How do I group the mean time, standard deviations first by TargetName, and second by day_of_week? 如何将平均时间,标准差按目标名称分组,然后按day_of_week分组?
Also, how would I go about converting the series of standard deviations and means to proper time format? 另外,如何将一系列标准偏差和均值转换为正确的时间格式? I have tried to loop through the series' and do datetime.timedelta(seconds=item) with success but would prefer the more pandas way to conduct operations.
我尝试遍历该系列并成功完成datetime.timedelta(seconds = item),但希望使用更多的熊猫方式进行操作。 Thank you for your feedback.
感谢您的反馈意见。
I have a data set that has date time stamps in it as below: 我有一个包含日期时间戳记的数据集,如下所示:
Date Time TargetUser
10/10/2012 20:20:01 joe
10/11/2012 02:20:01 bob
10/13/2012 21:20:01 smo
10/16/2012 22:20:01 joe
I am creating a day of week column as below: 我正在创建一个星期几列,如下所示:
df['my_dates'] = pd.to_datetime(df['Date'])
df['day_of_week'] = df['my_dates'].dt.dayofweek
days = {dict of days of week ie 0:"Mon"}
df['day_of_week'] = df['day_of_week'].apply(lambda x: days[x])

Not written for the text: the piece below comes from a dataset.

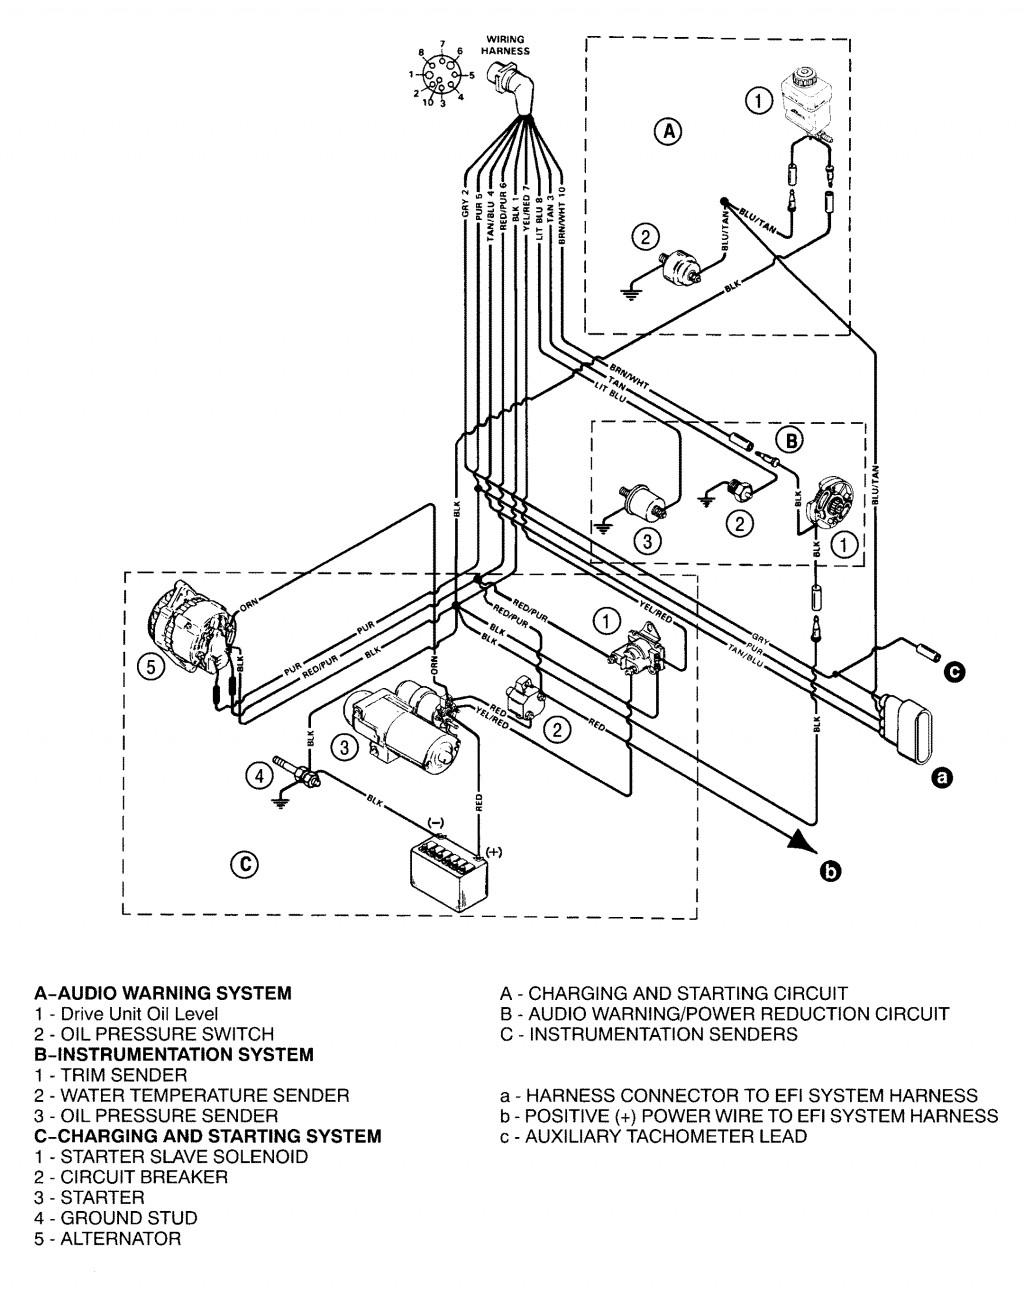 Phenomenal Mercruiser Trim Motor Wiringm Picture Inspirations Alphammercruiser Home › Wiring Diagram ›

I am creating columns to tally up a total of seconds in a day and creating a column: 我正在创建列以将一天中的总时间相加并创建一列:
df[['HH', 'MM','SS']] = df['Time'].str.split(':', expand=True)
df['seconds'] = (((df['HH'].astype(int) * 60) + df['MM'].astype(int)) * 60) + df['SS'].astype(int)
I am then identifying a mean Time and standard deviation by day of week via below: 然后,我通过以下方式确定一周中某天的平均时间和标准差:
meantime = df['seconds'].groupby([df['day_of_week']]).mean()
std = df['seconds'].groupby([df['day_of_week']]).std(ddof=1)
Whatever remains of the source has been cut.